しかし、時のイギリスは、政府は経済にできるだけ介入しない「小さな政府」の時代。労働環境は最悪で、子どもも働かないと暮らしていけない家庭が多くいました。その結果、児童労働が爆発的に発生しました。

しかし、子どもの長時間労働や懲罰、訓練や安全具の装着がほとんどなく生じる事故などが多く発生しました。また、資本家と労働者の貧富の格差が開き、共産主義が台頭してきた時代でした。「小さな政府」が疑問視されてきた時代でした。

こういった時代背景があり、工場法が制定され、法律上幼い子どもは雇用できなくなりました。

しかし、産業革命により次第に一世帯あたりの収入が上がっていったことで、子どもを働かせなくてもよくなったことが、児童労働削減にとても効果がありました。子どもを持つ「コスト」が上がり、その結果出生率は下がり、今まで生産の手段だった子どもが、保護の対象になるという価値観の変化が起きました。

イギリス産業革命時の児童労働の変遷の歴史から、児童労働を減らすには、まずは国の経済発展が一番重要であるとわかります。”

 


この記事を読むと

・なぜイギリスの産業革命で児童労働が増えたのか、時代に背景や歴史がわかります

・その児童労働はどのように減っていったかがわかります

・歴史から学ぶことで、現代の児童労働を減らすにはどのようにすればよいか考えるきっかけになります


はじめに

2020年に入っても世界で問題となっている児童労働。児童労働の大半は農村で起きている、と言われていますが、児童労働が飛躍的に増えたのは、子どもでもできる作業が飛躍的に増え、人々が都市へと移った産業革命がきっかけでした。19世紀のイギリス、ヴィクトリア朝時代と呼ばれる時代です。

産業革命で子どもでもできる仕事が爆発的に増えそれゆえ需要も増しました。産業革命以前も児童労働は存在していましたが、実は子どもができる仕事はそこまで多くはありませんでした。


なぜ子どもは雇われていた?

 

1.家庭の貧困で子どもが働く必要があった

産業革命時のイギリスの都市での仕事はたくさん生まれましたが、労働者の生活環境は悲惨なものでした。

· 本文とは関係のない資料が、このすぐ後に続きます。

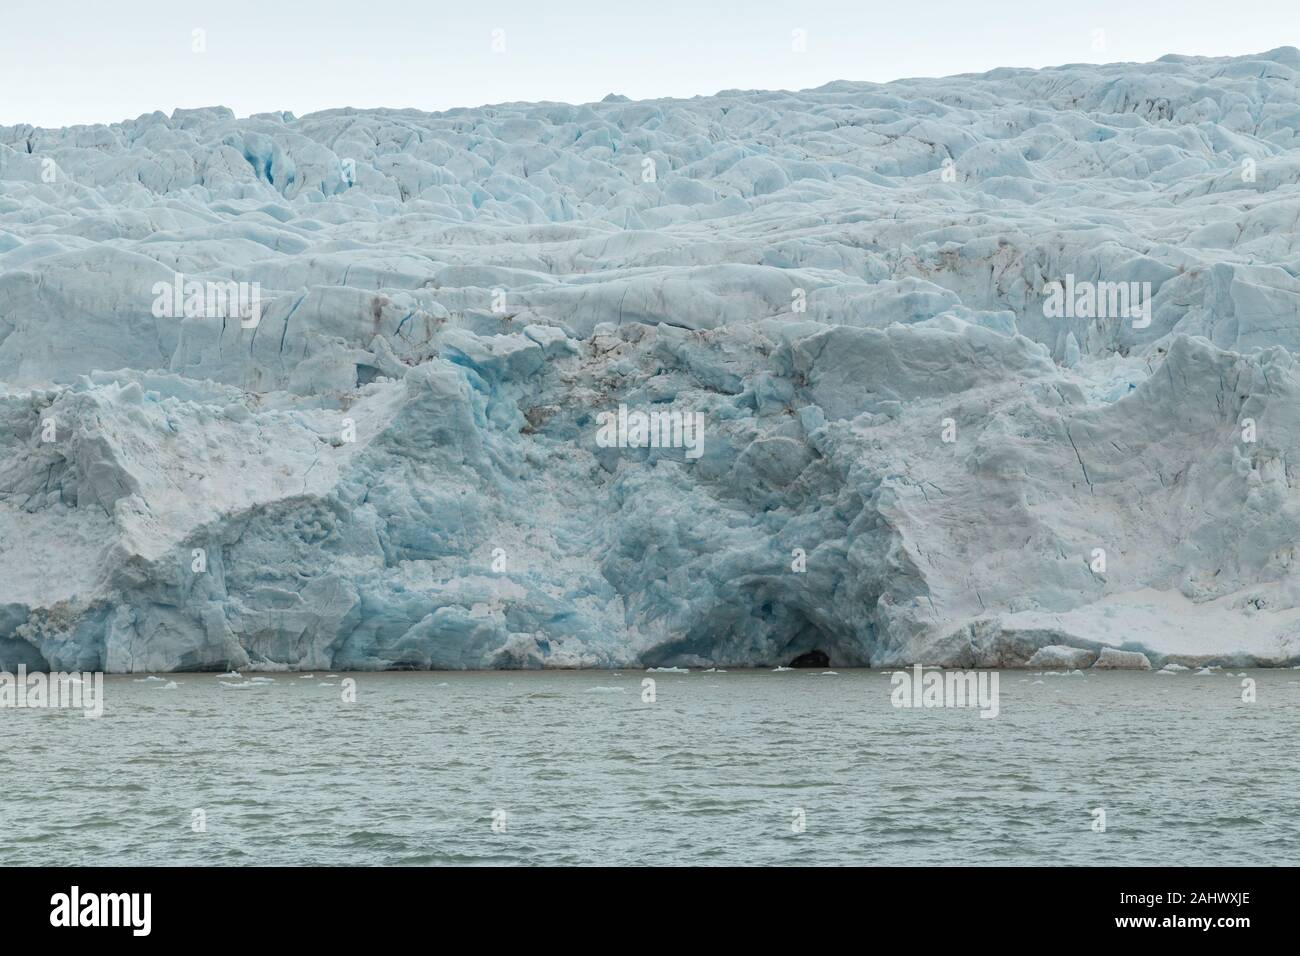 Glacier Nordenskiöld surplombant la ville minière Russe abandonnée de Pyramiden sur Spitzberg, Svalbard, Norvège, dans l'Arctique Banque D'Images

一日12から16時間の労働と、生きていくだけでやっとの賃金しかもらえていませんでした。その為、子どもが働き余剰で収入を得る必要がありました。

 

どうして都市では生活できないほど賃金が少ないのに、多くの人々が都市に来たのか?

これは、産業革命自体のきっかけにもなるのですが、「農業革命」とイギリス政府の「囲い込み政策」が影響しています。

産業革命が起きる前の18世紀、農業の技術が飛躍的に進歩し、農家では人手が足りており、それで人々は都市へと移住していきました。これは農業革命といわれています。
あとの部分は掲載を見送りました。